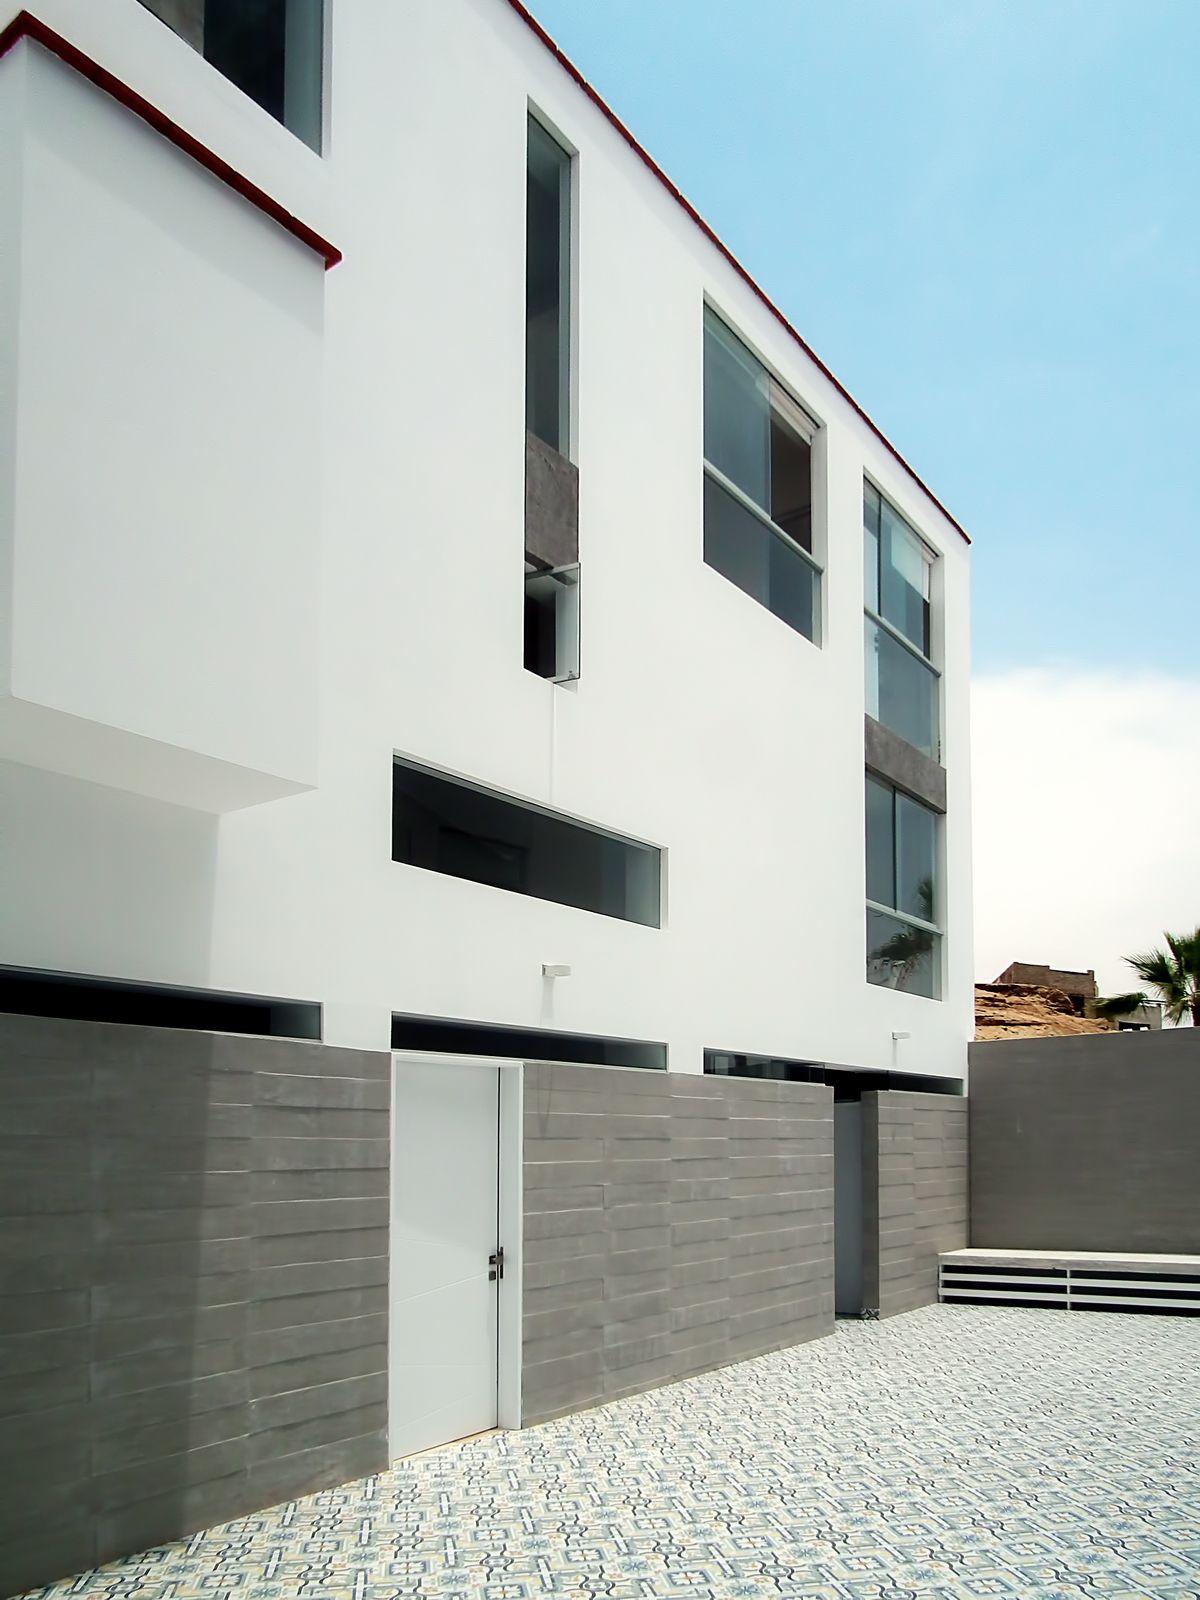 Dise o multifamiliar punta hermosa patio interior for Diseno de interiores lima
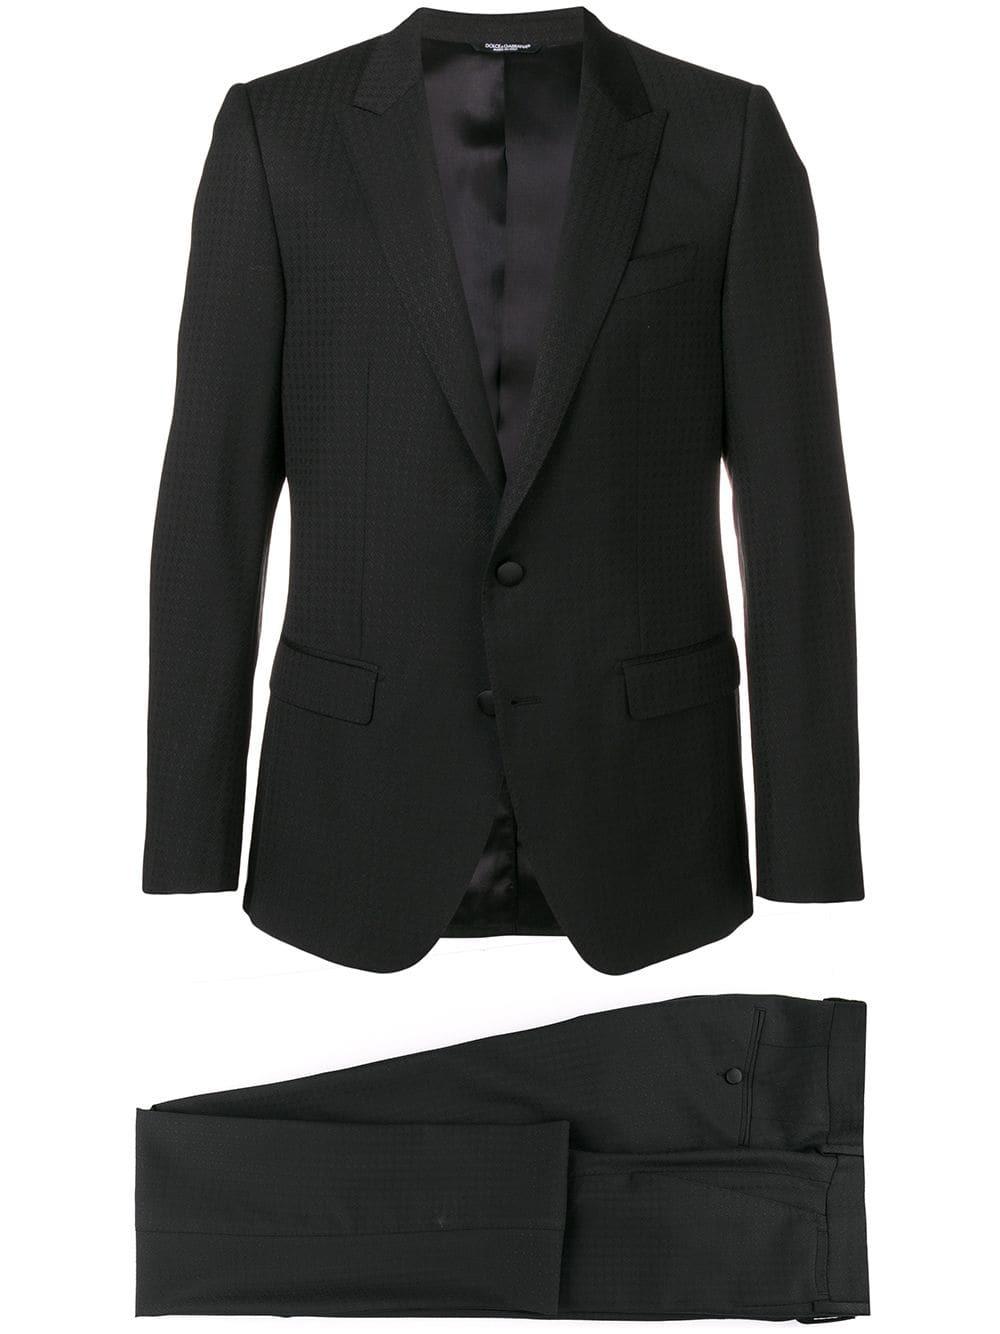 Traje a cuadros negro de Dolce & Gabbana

*-*-*

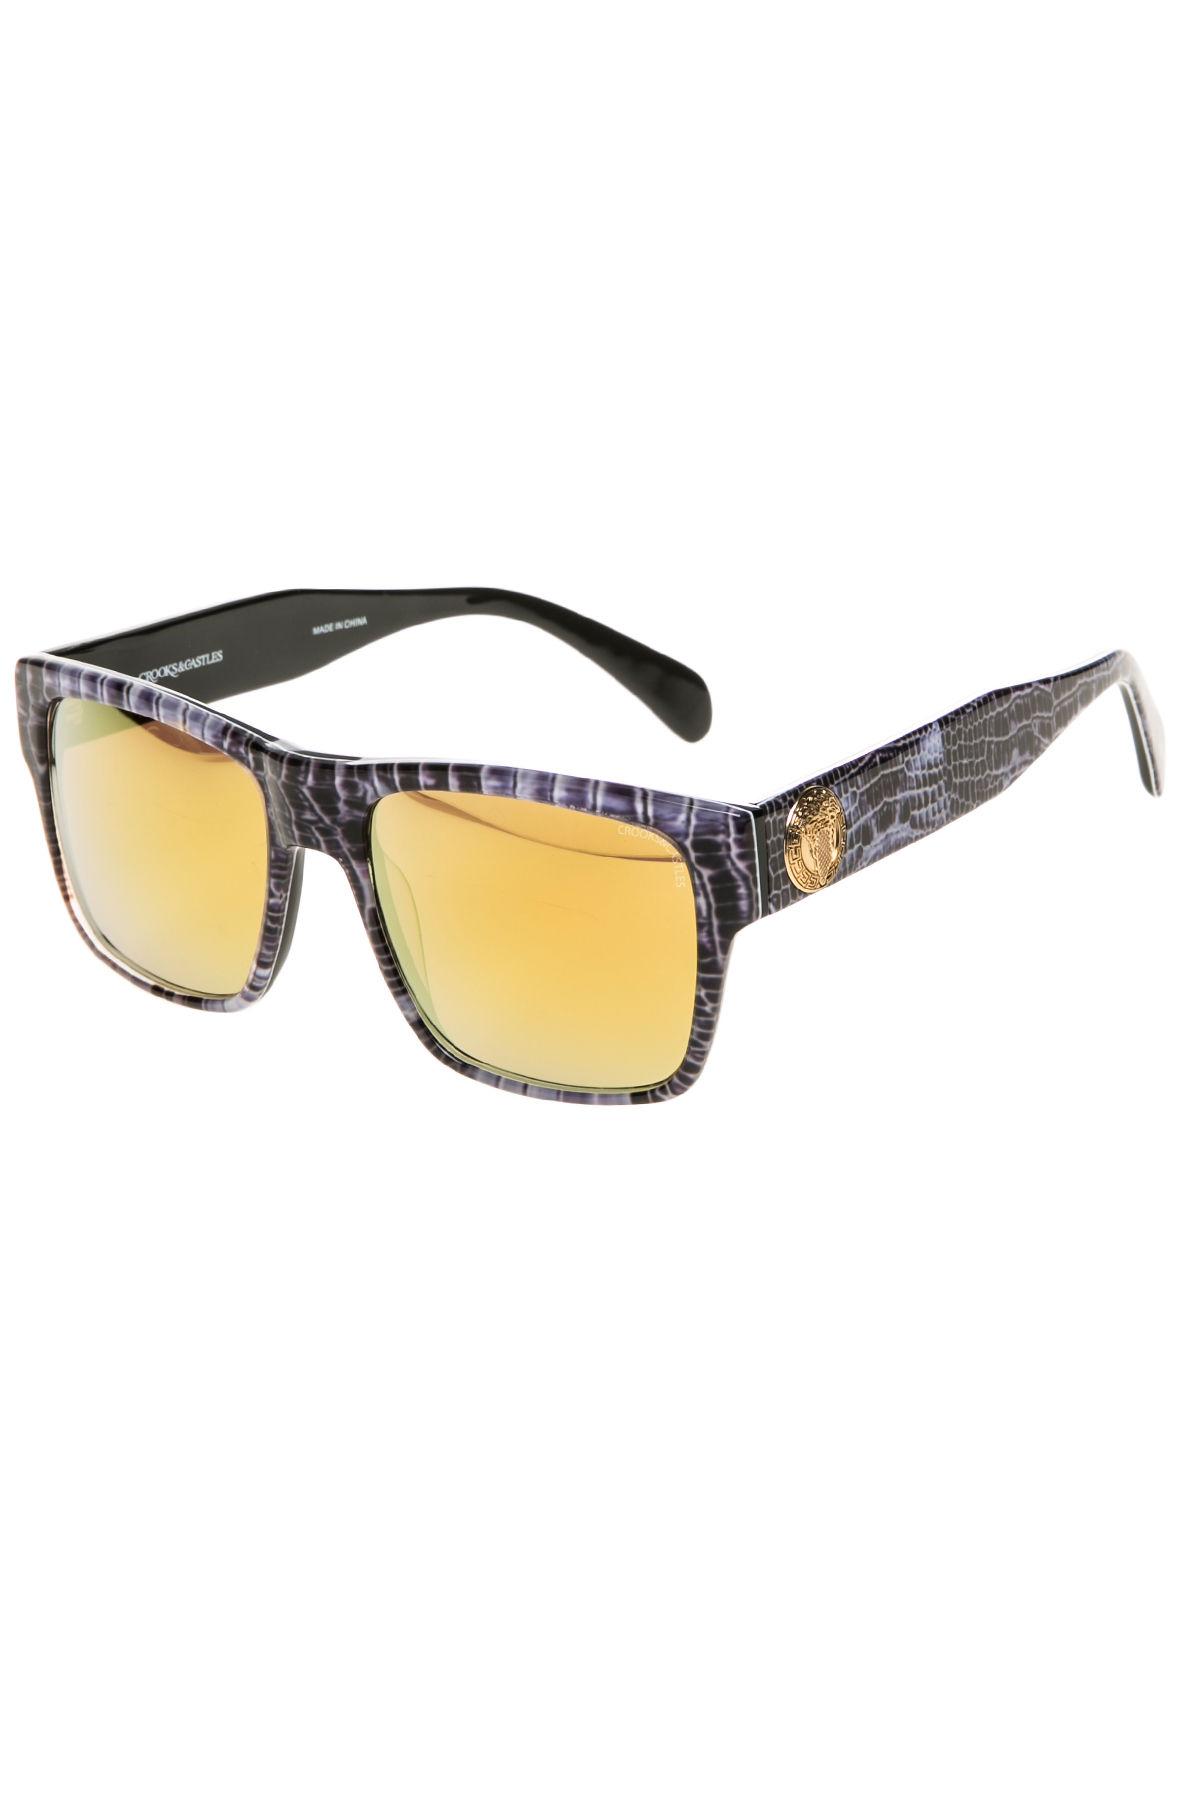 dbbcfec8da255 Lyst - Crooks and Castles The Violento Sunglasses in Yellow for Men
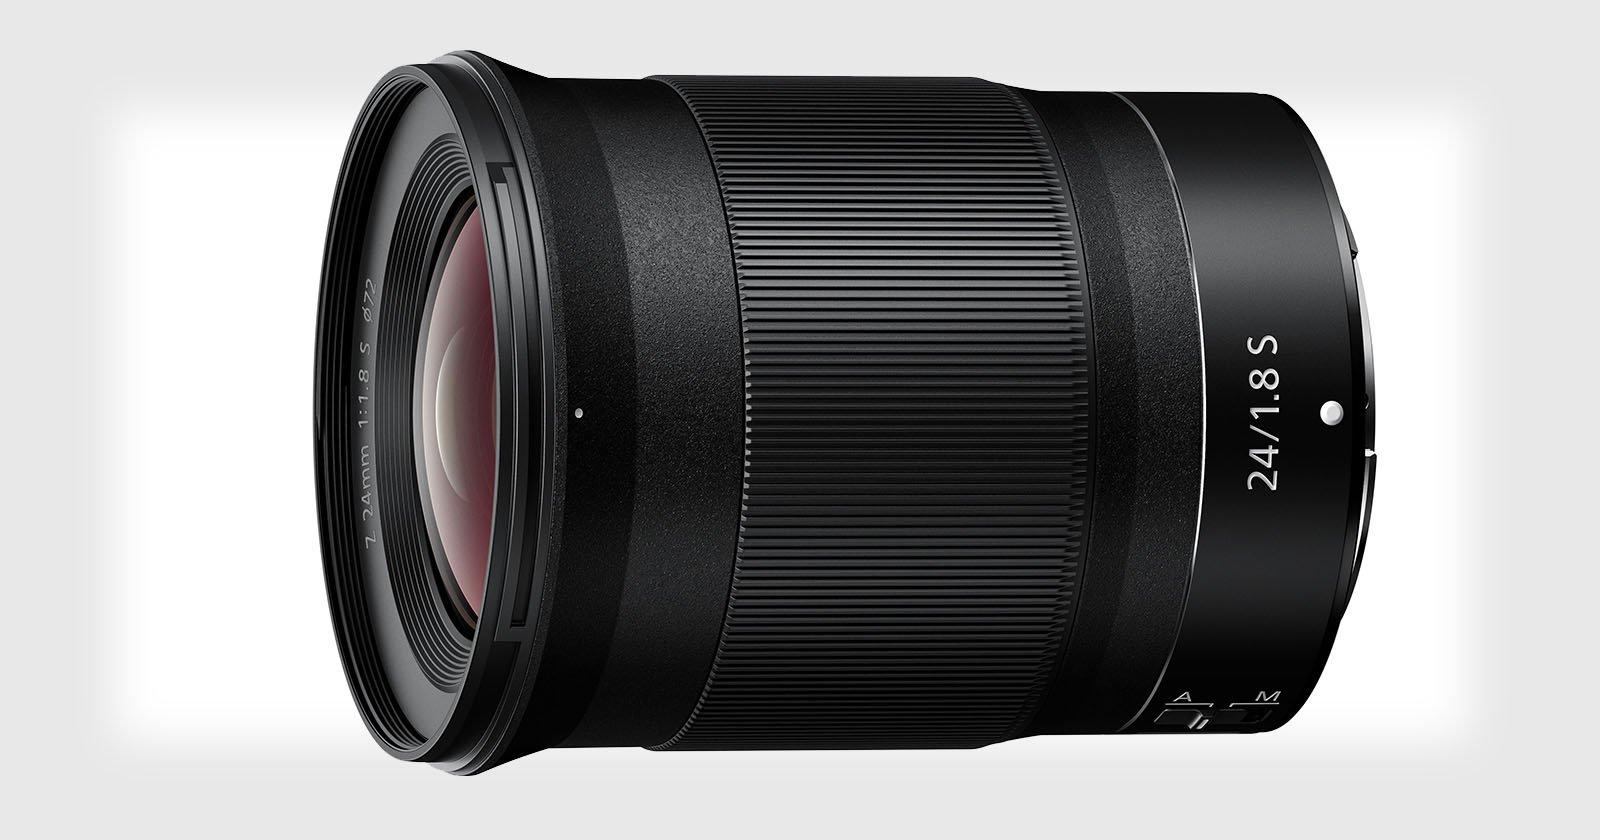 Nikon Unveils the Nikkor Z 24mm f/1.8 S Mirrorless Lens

*-*-*

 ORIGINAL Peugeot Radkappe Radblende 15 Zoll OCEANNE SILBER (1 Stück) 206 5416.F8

*-*-*

**Brief**
Work from the entries above. Set down exactly and only the lines from the line with "Dise o multifamiliar" to the line with "Traje a cuadros negro de Dolce & Gabbana", both included, and leave the pictures out.

**Answer for this exercise**
 Dise o multifamiliar punta hermosa patio interior for Diseno de interiores lima
 Traje a cuadros negro de Dolce & Gabbana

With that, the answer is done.